» Provided data
# # #

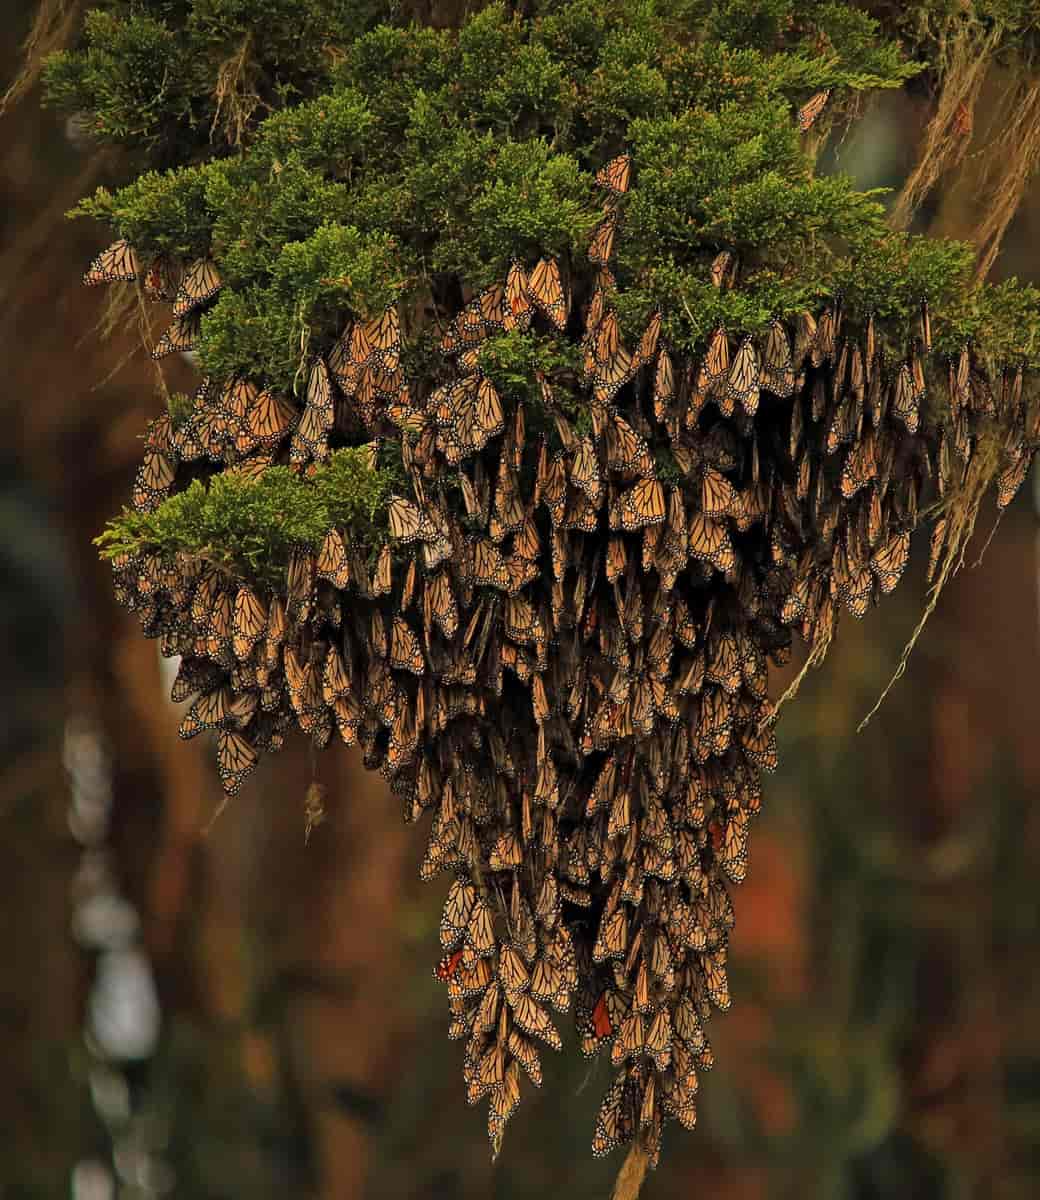 A group of monarch butterflies resting on a conifer
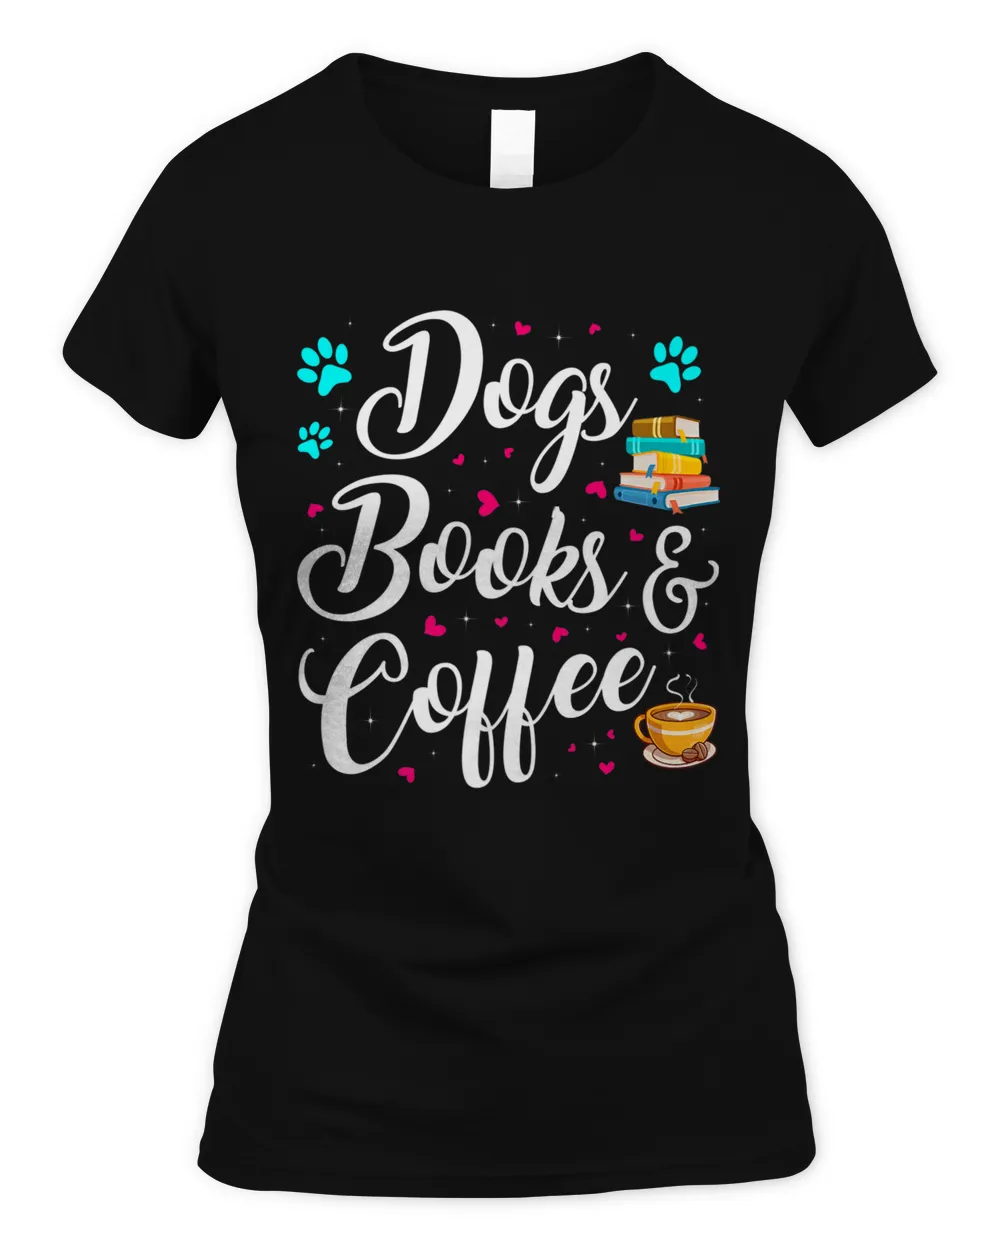 Dogs Books Coffee Funny Dog Lover Book Lover Readers Premium T-shirt
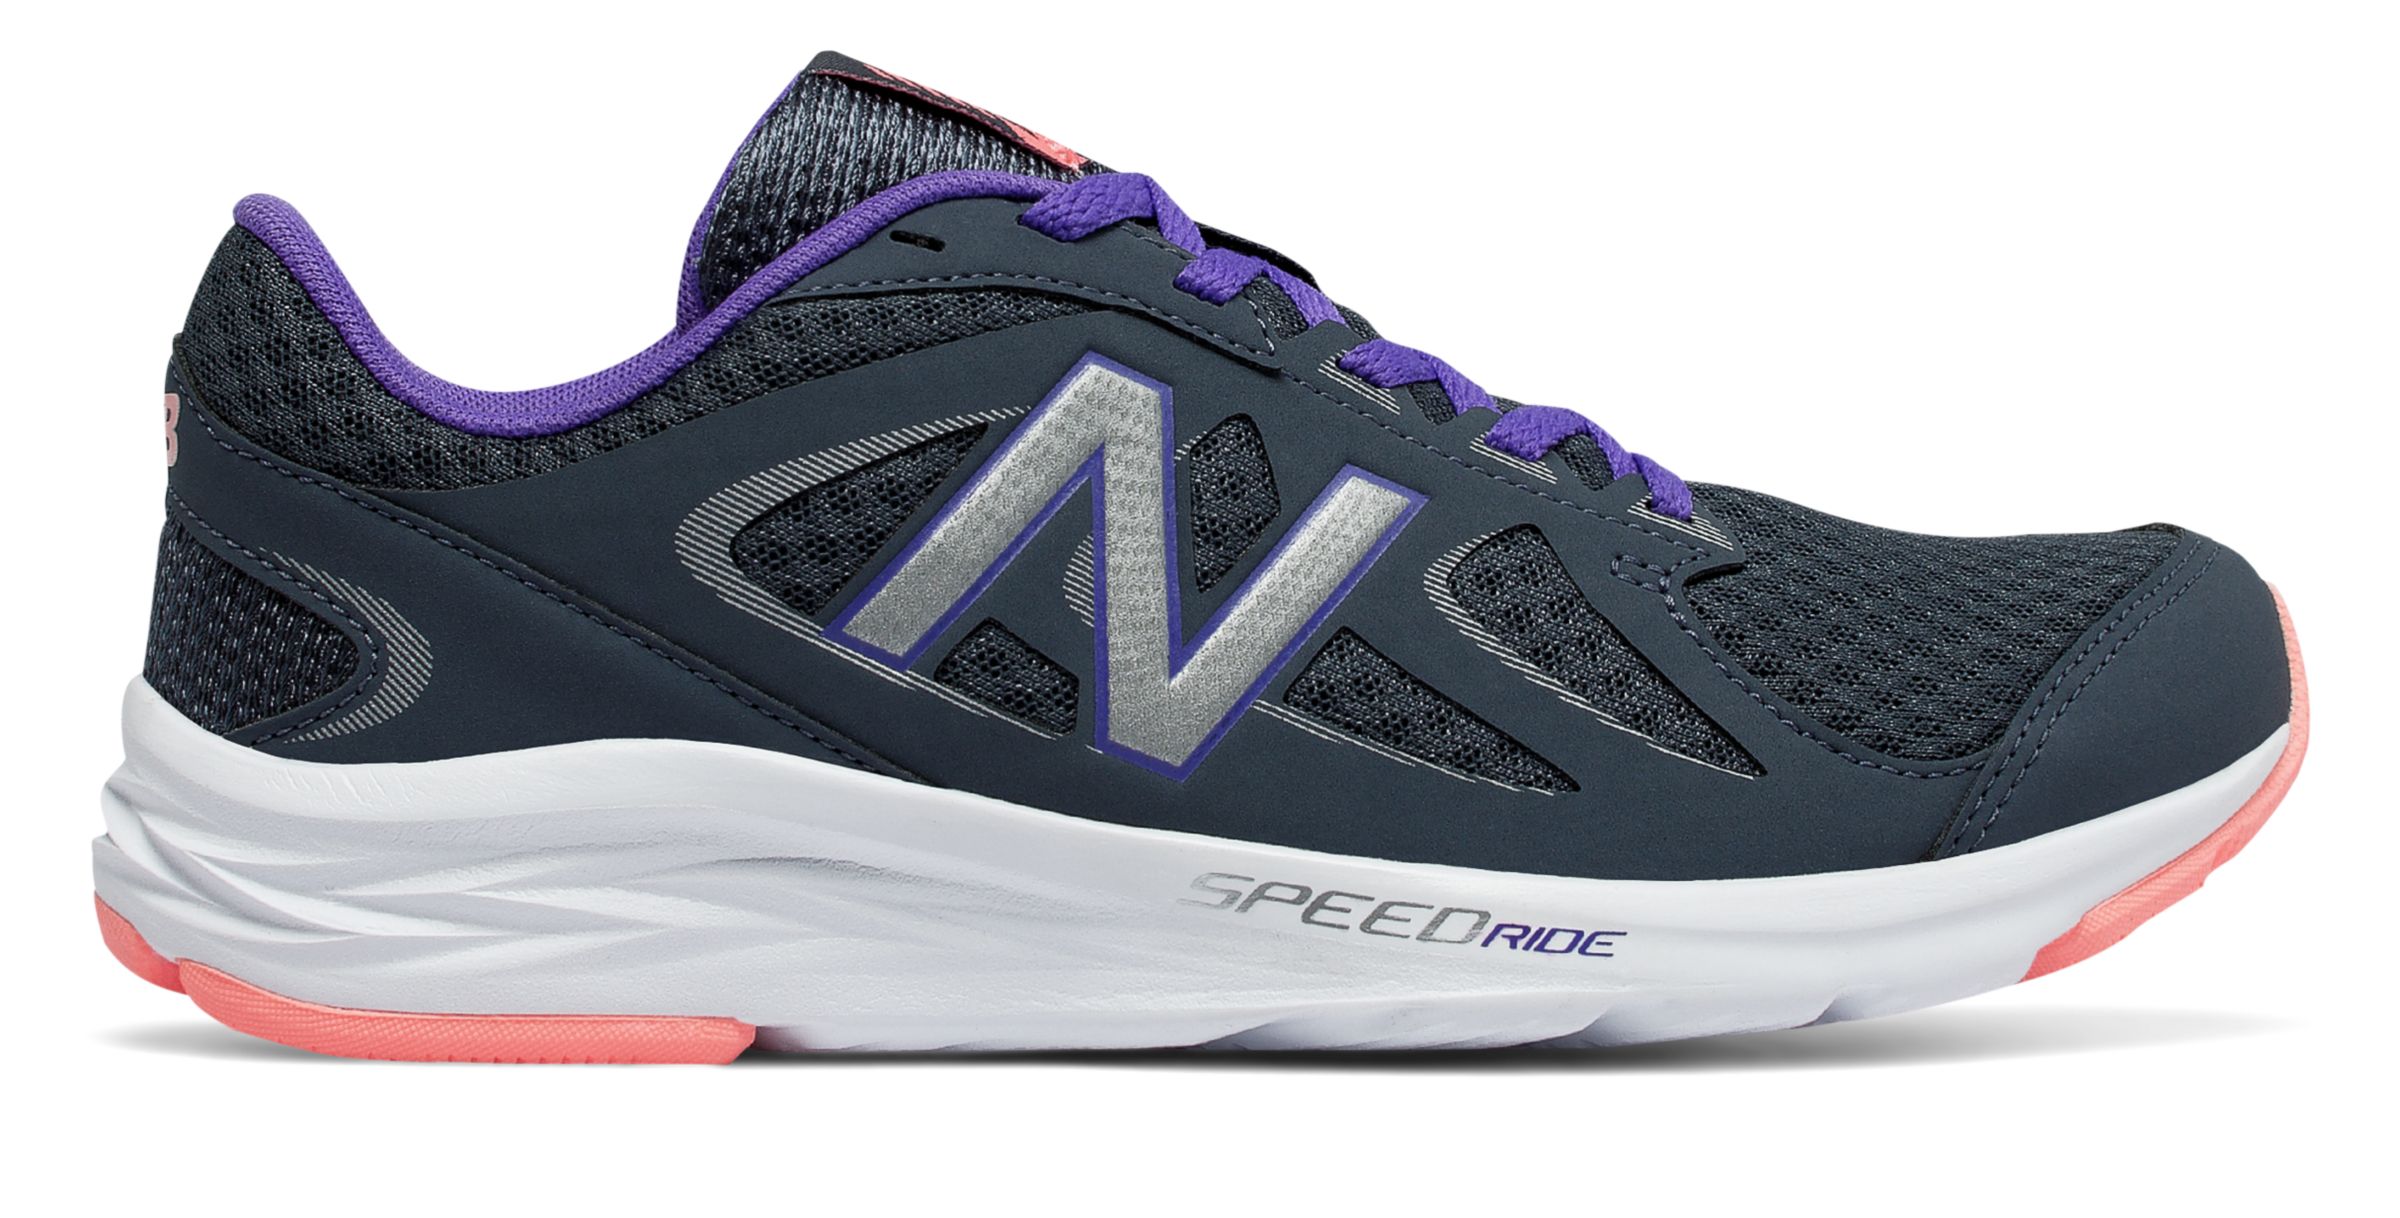 New Balance W490-V4 on Sale - Discounts Up to 20% Off on W490CA4 at Joe's New  Balance Outlet
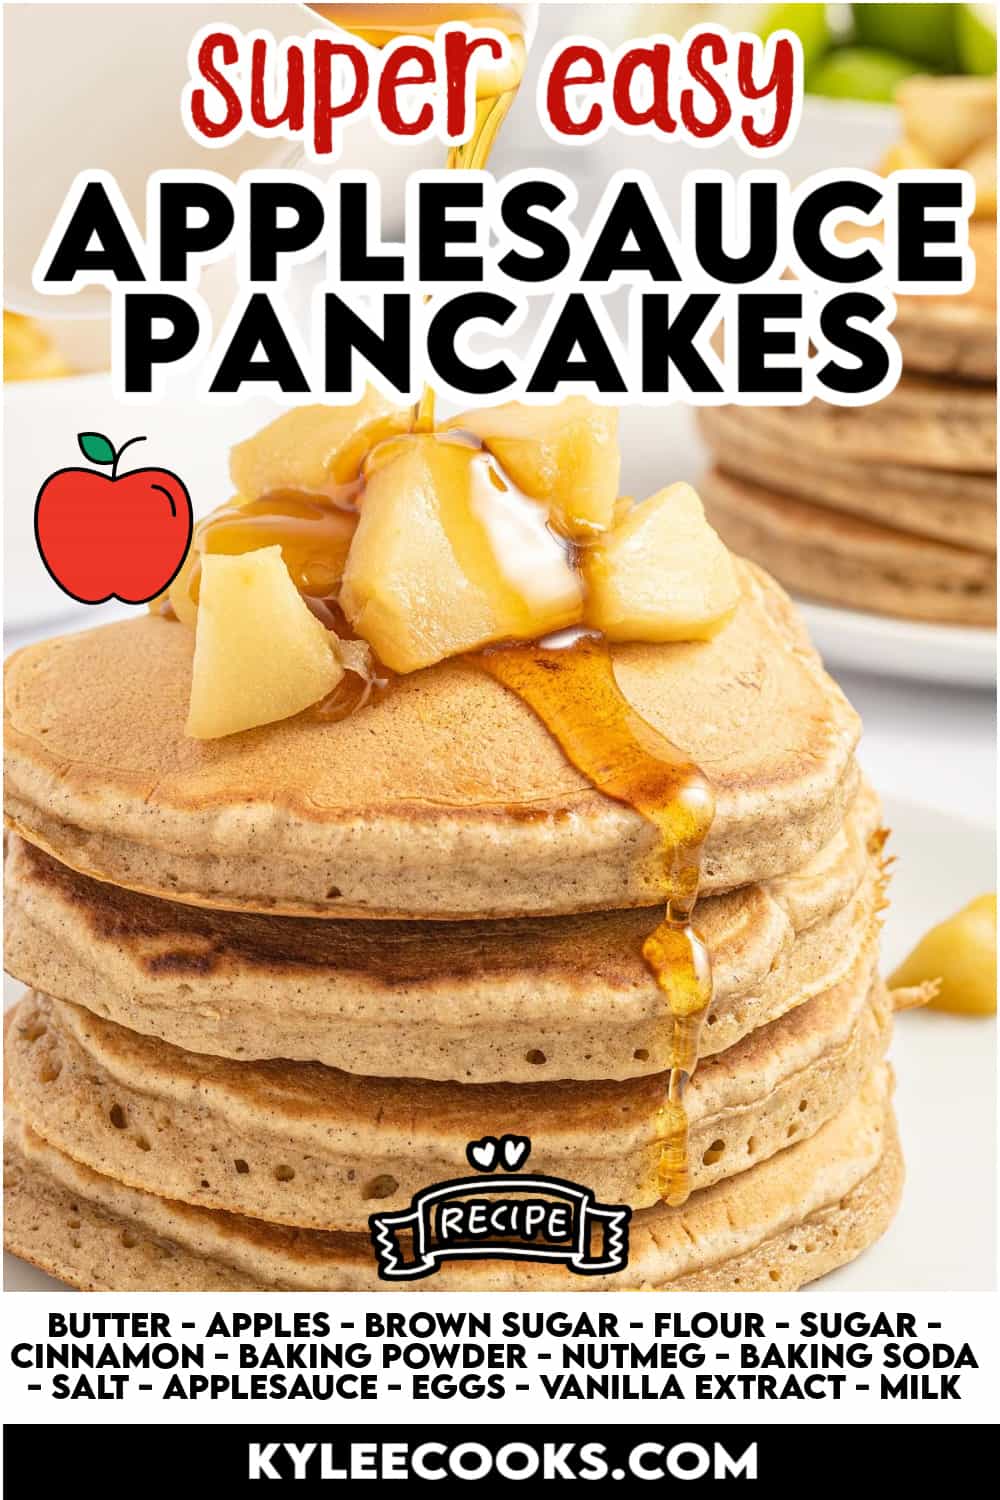 stack of applesauce pancakes with apples and syrup poured over the top.

# # #

» What the task requires
Give the lines from the one containing "New Balance W490-V4" through the last line of the material again, exactly and with no pictures, both ends included.

» Output
 New Balance W490-V4 on Sale - Discounts Up to 20% Off on W490CA4 at Joe's New  Balance Outlet
 stack of applesauce pancakes with apples and syrup poured over the top.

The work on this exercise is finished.